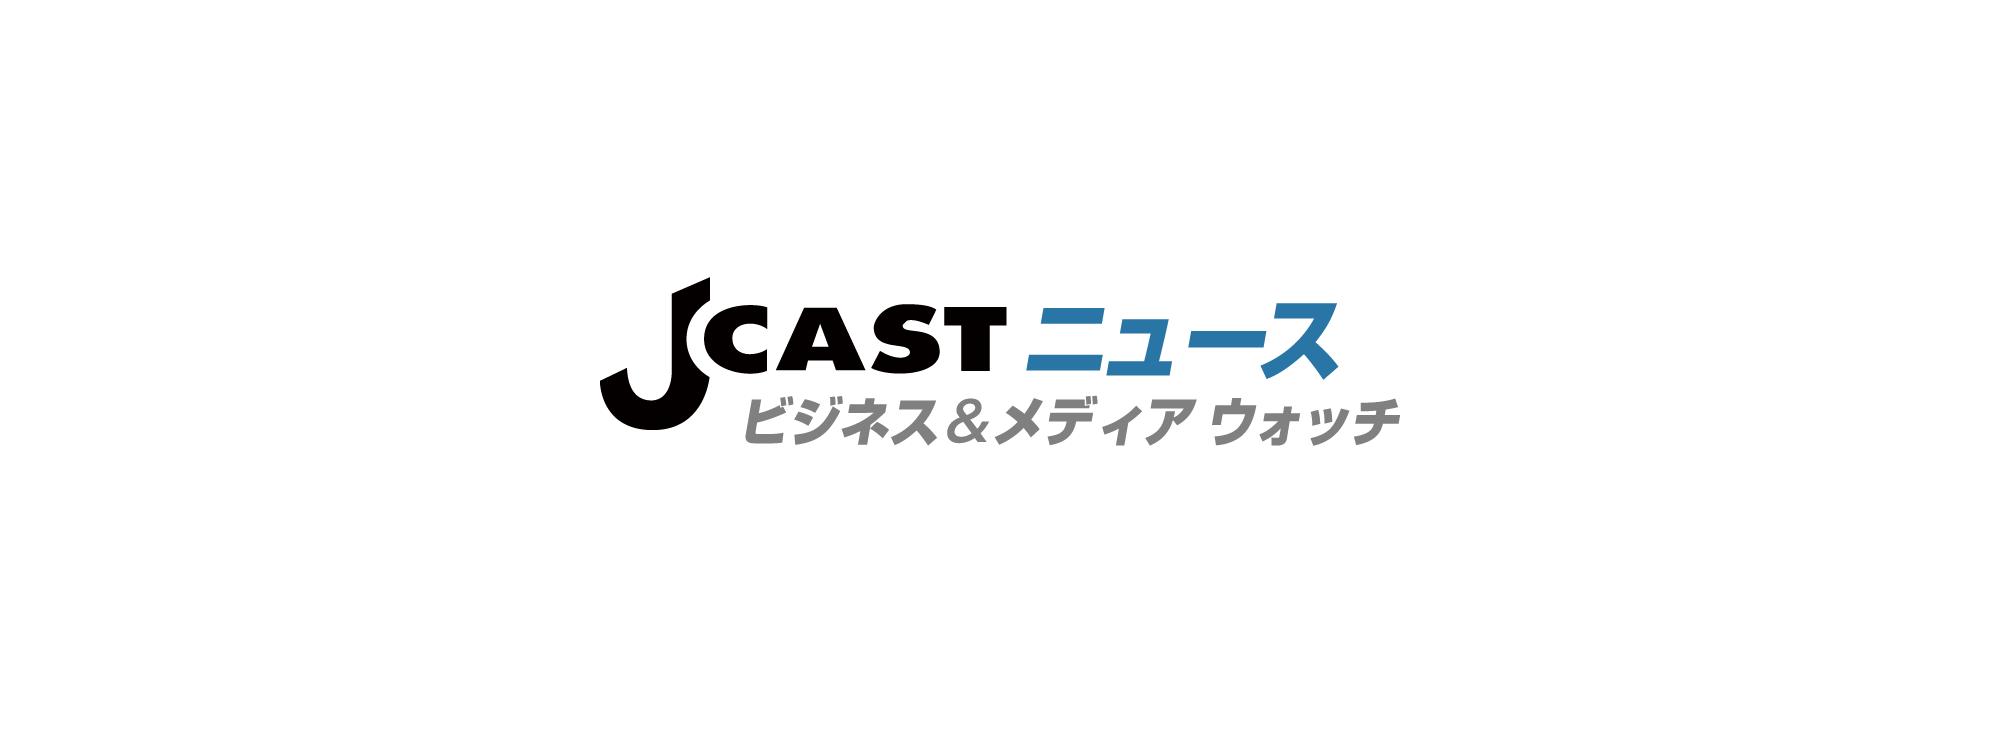 「広告塔」と訴えられた細川たかし 悪いのかとばっちりか : J-CASTテレビウォッチ
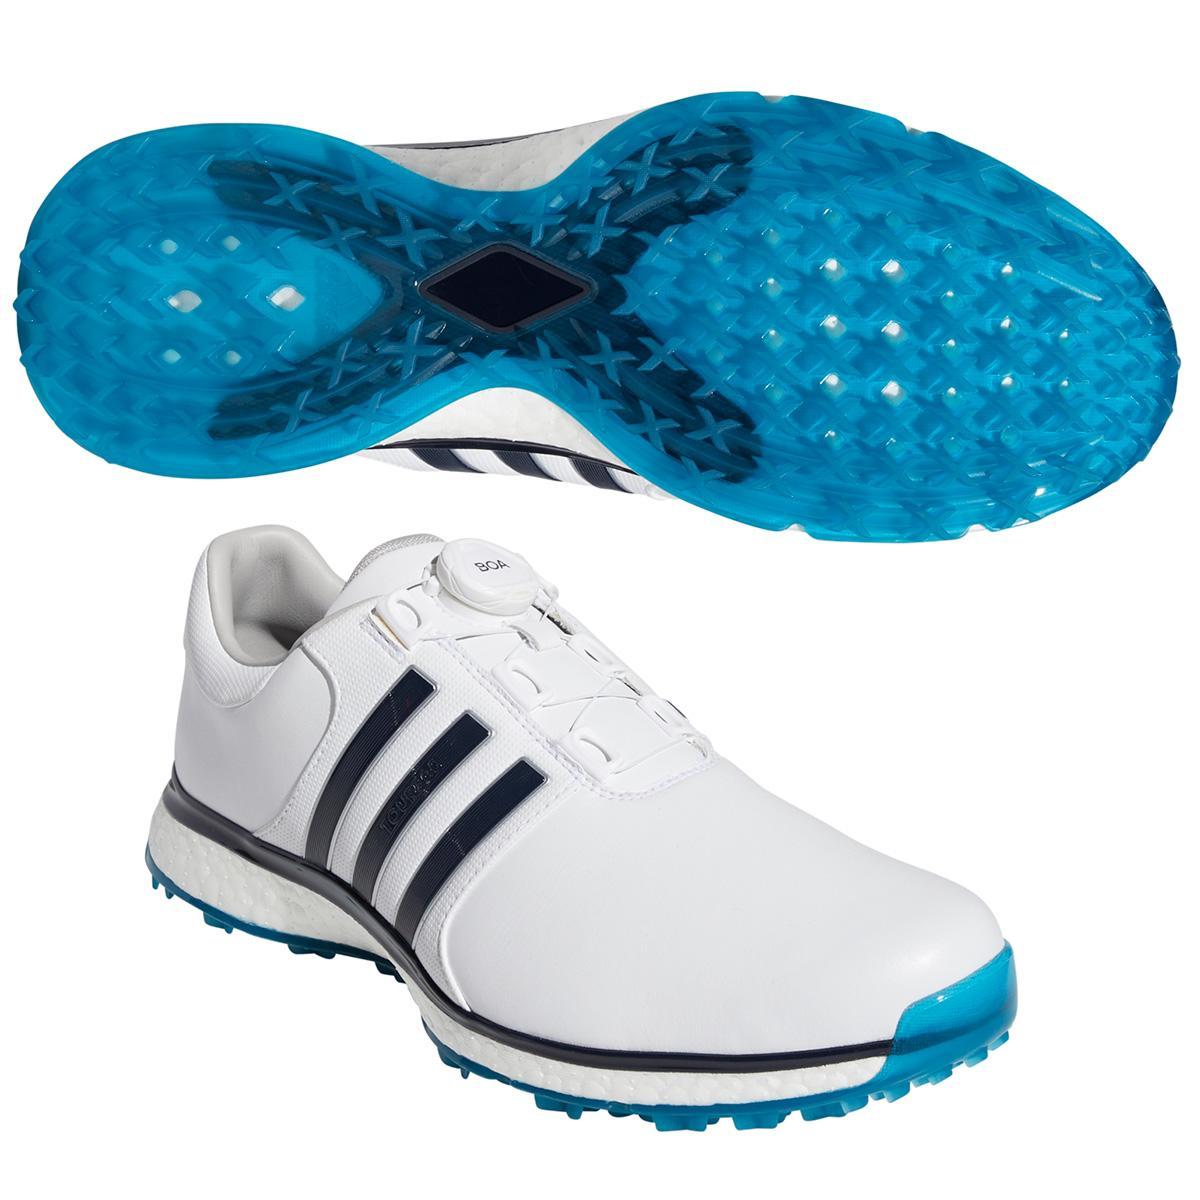 アディダス Adidas ツアー360 XT スパイクレス ボア シューズ
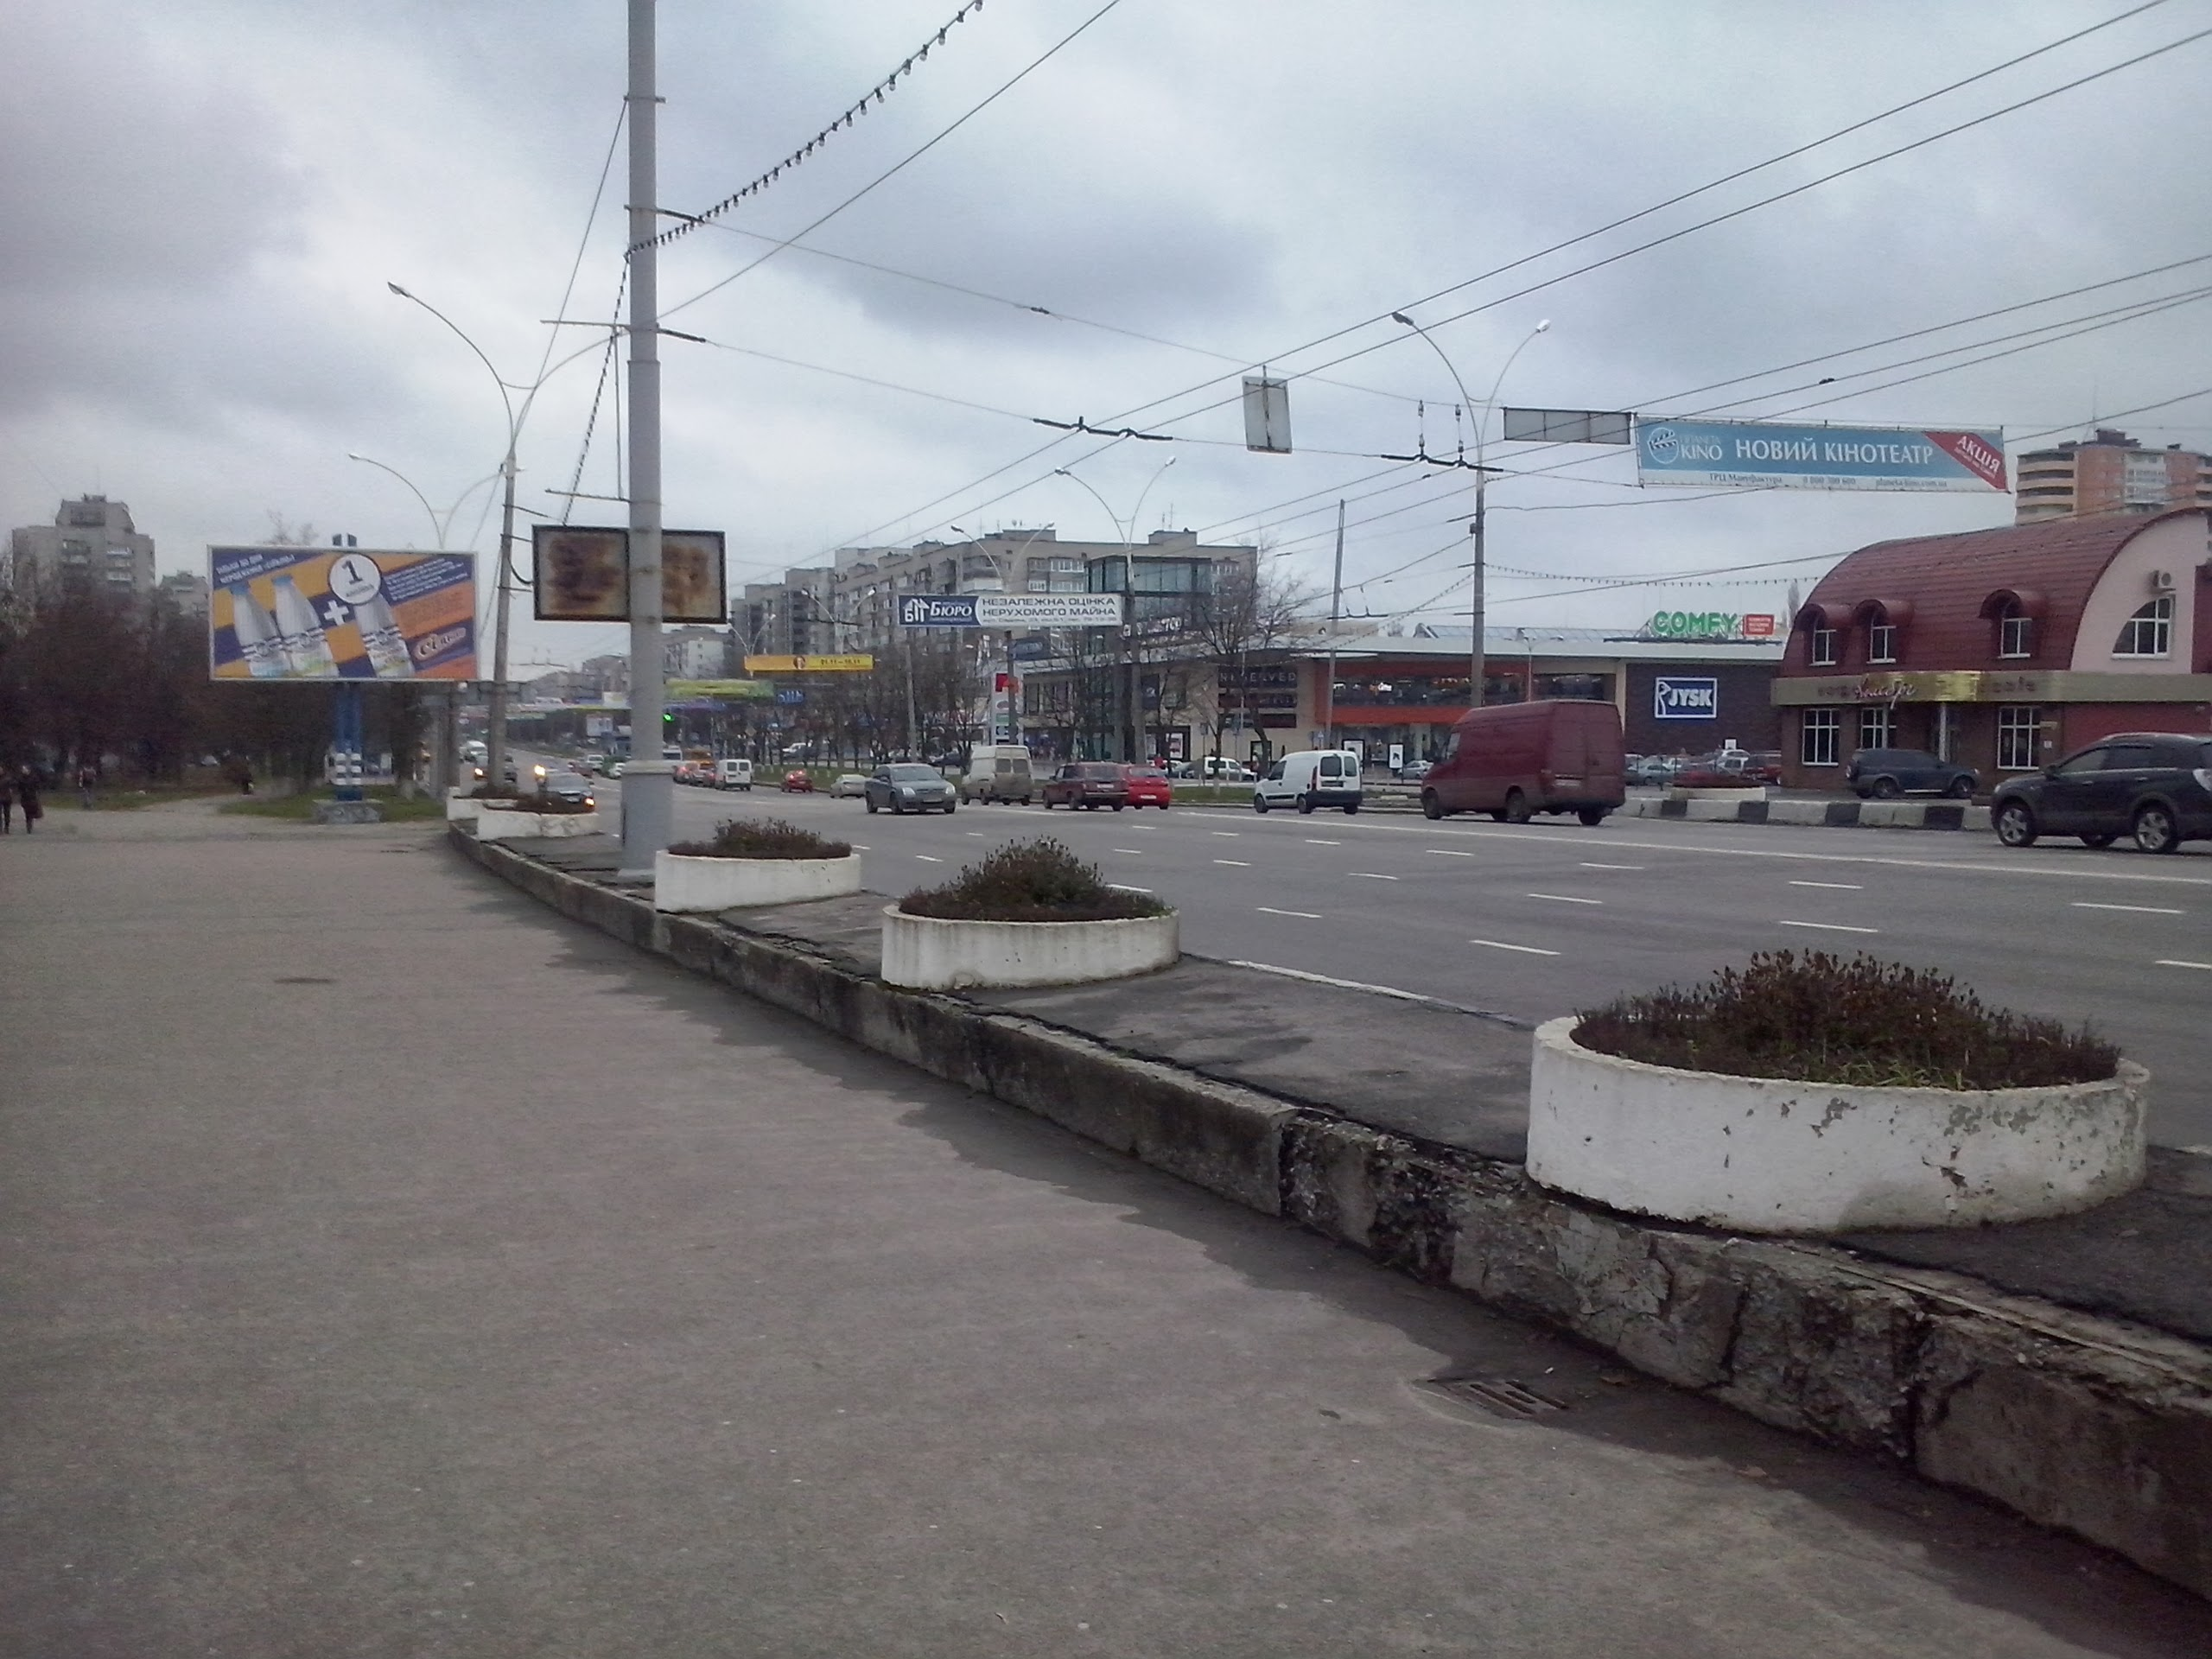 осиб тихорецкий бульвар д.10 схема проезда
+===+
▸ **The problem**
Every line of the material should be repeated precisely; pictures are to be excluded.

▸ **Answer to this task**
 「広告塔」と訴えられた細川たかし 悪いのかとばっちりか : J-CASTテレビウォッチ
 アディダス Adidas ツアー360 XT スパイクレス ボア シューズ
 осиб тихорецкий бульвар д.10 схема проезда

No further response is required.